Running this in production

Two months in production. Not perfect, but working well.

Things we worried about unnecessarily:

  • Record accumulation. We expected error conditions to leak DNS records that never get removed. Many thousands of records later, it hasn’t been an issue.
  • Route53 throttling.
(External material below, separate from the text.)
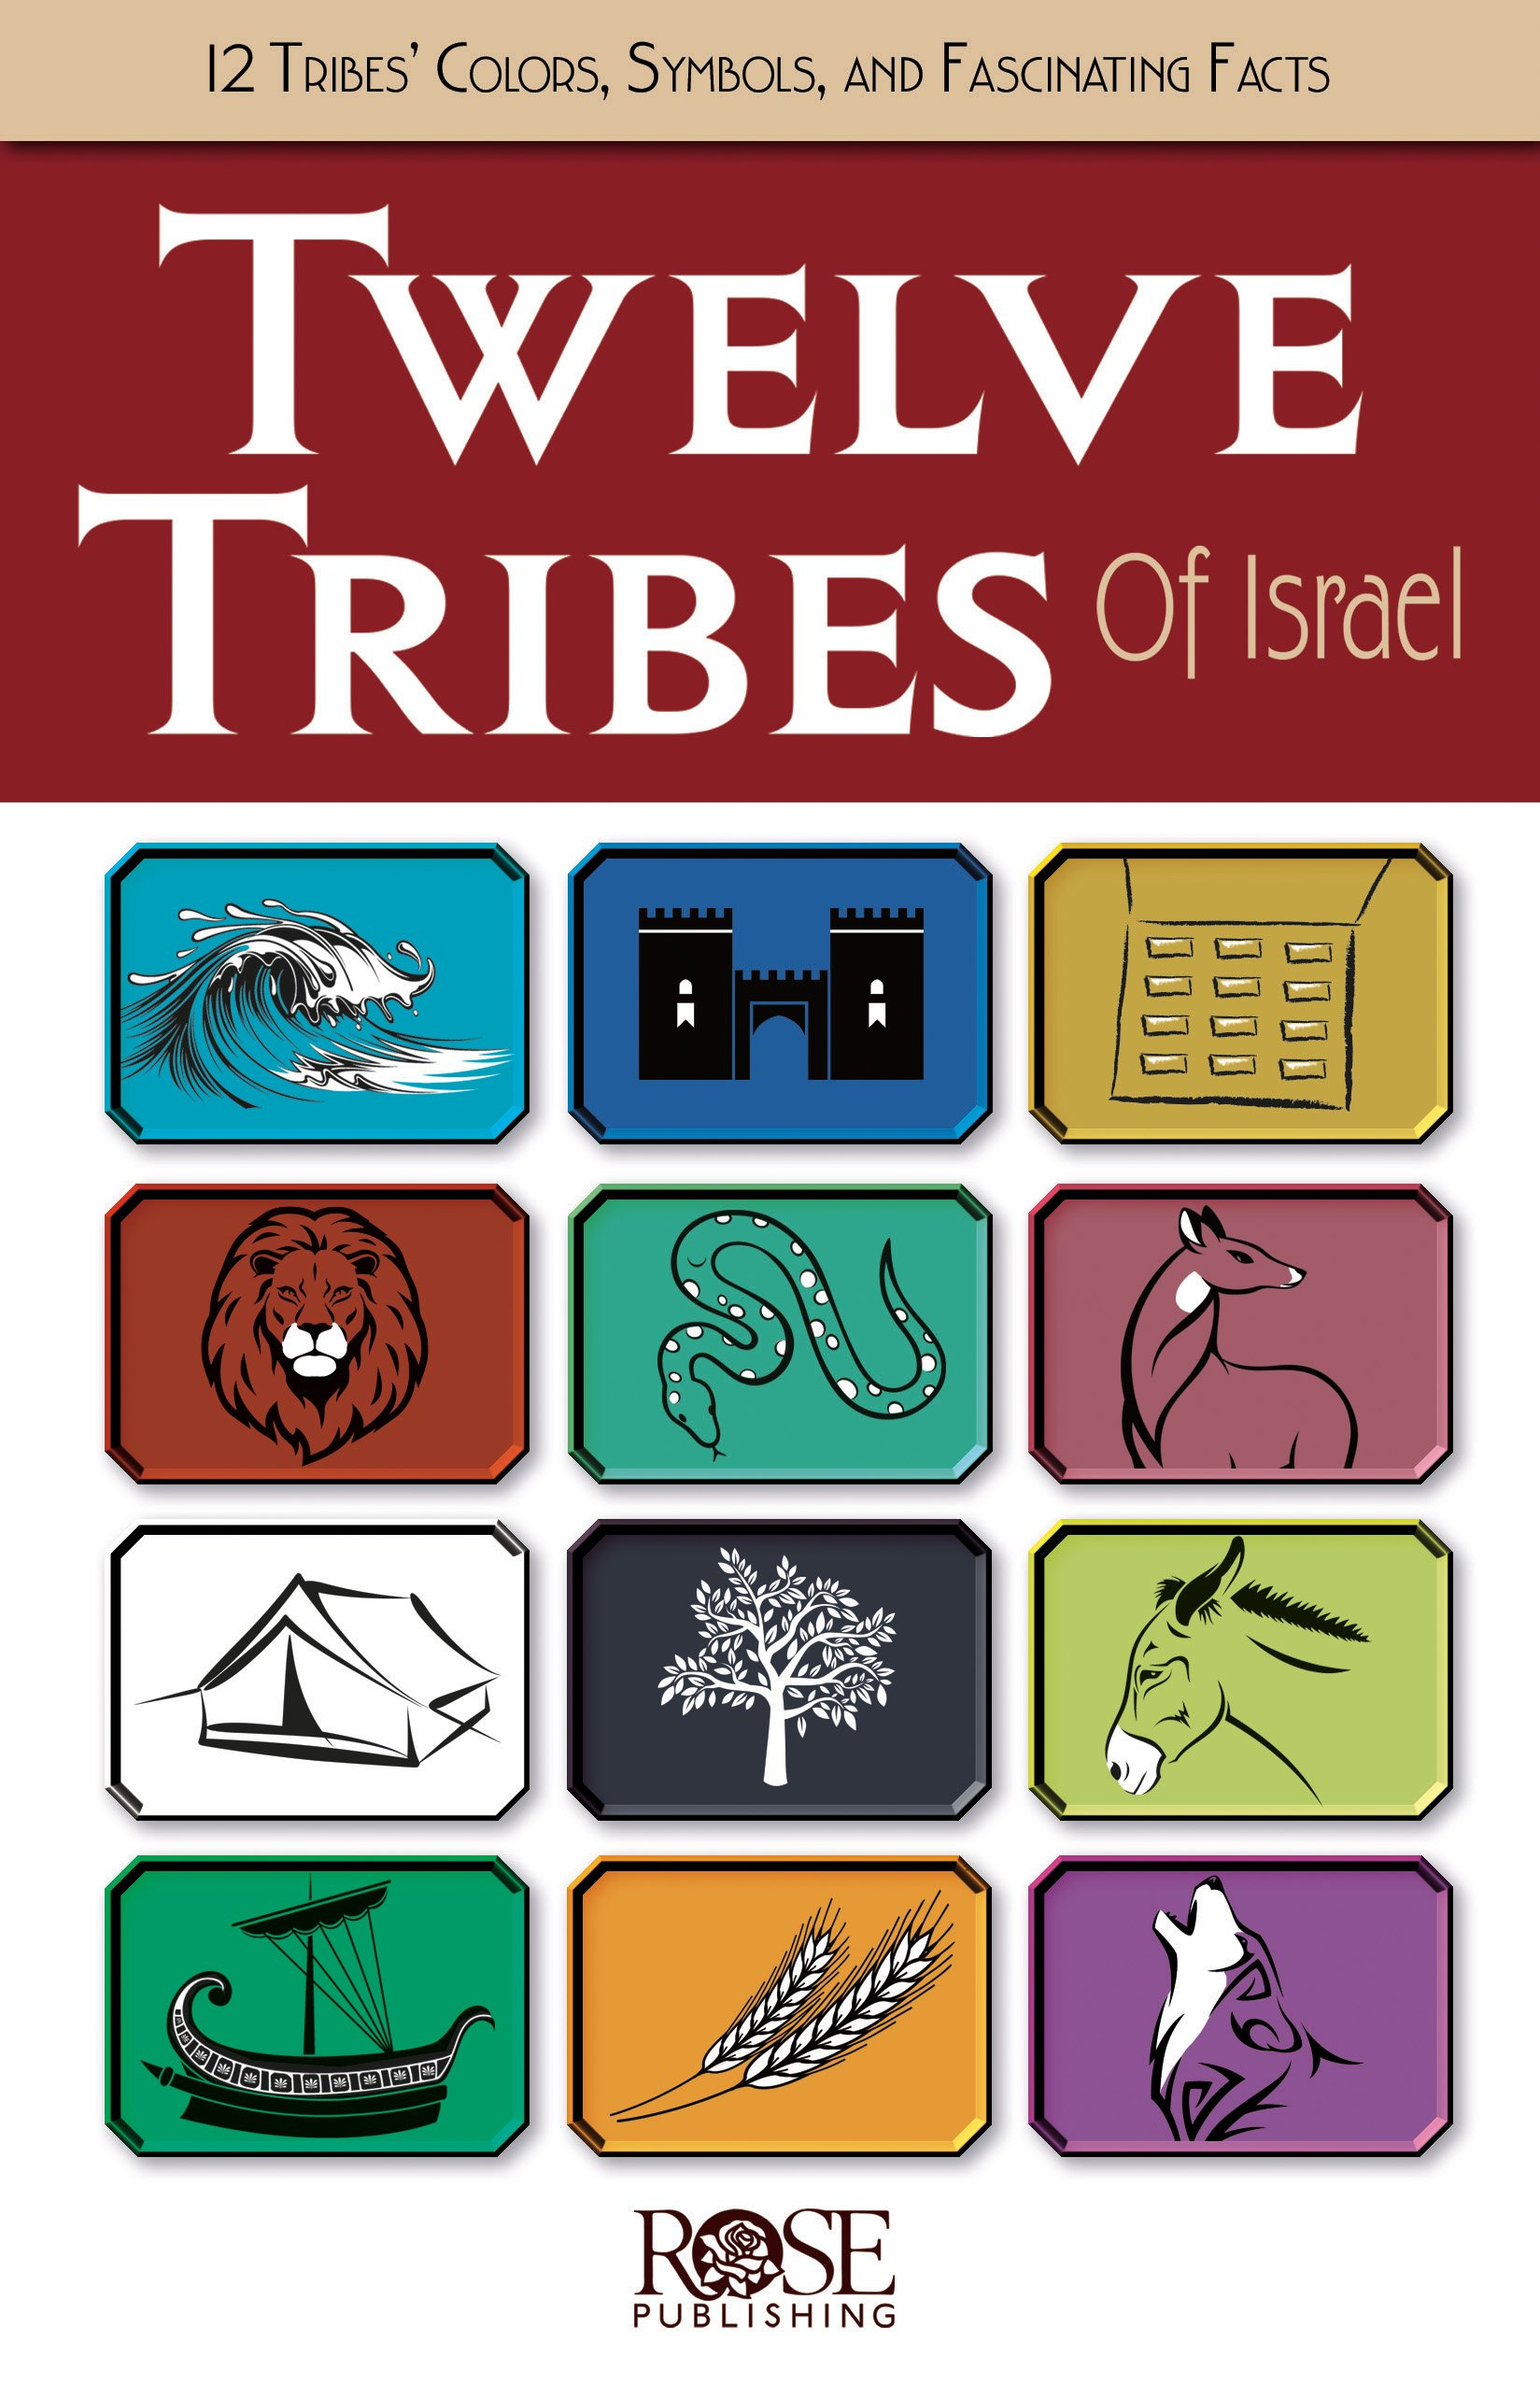 Twelve tribes of israel jessica curiel rose publishing twelve tribes of israel jessica curiel rose publishing 9781596369160 amazon books biocorpaavc Gallery

We’ve seen it a handful of times; the lambdas retry automatically and the change eventually lands.

Real negatives:

  • Browsers sometimes refuse to see a new DNS record until refresh, even past the TTL — this surfaced as flakiness in our end-to-end tests, and we had to automate around it.
  • Orchestration logic is considerably more complex when you manage individual ECS tasks instead of a service behind a load balancer.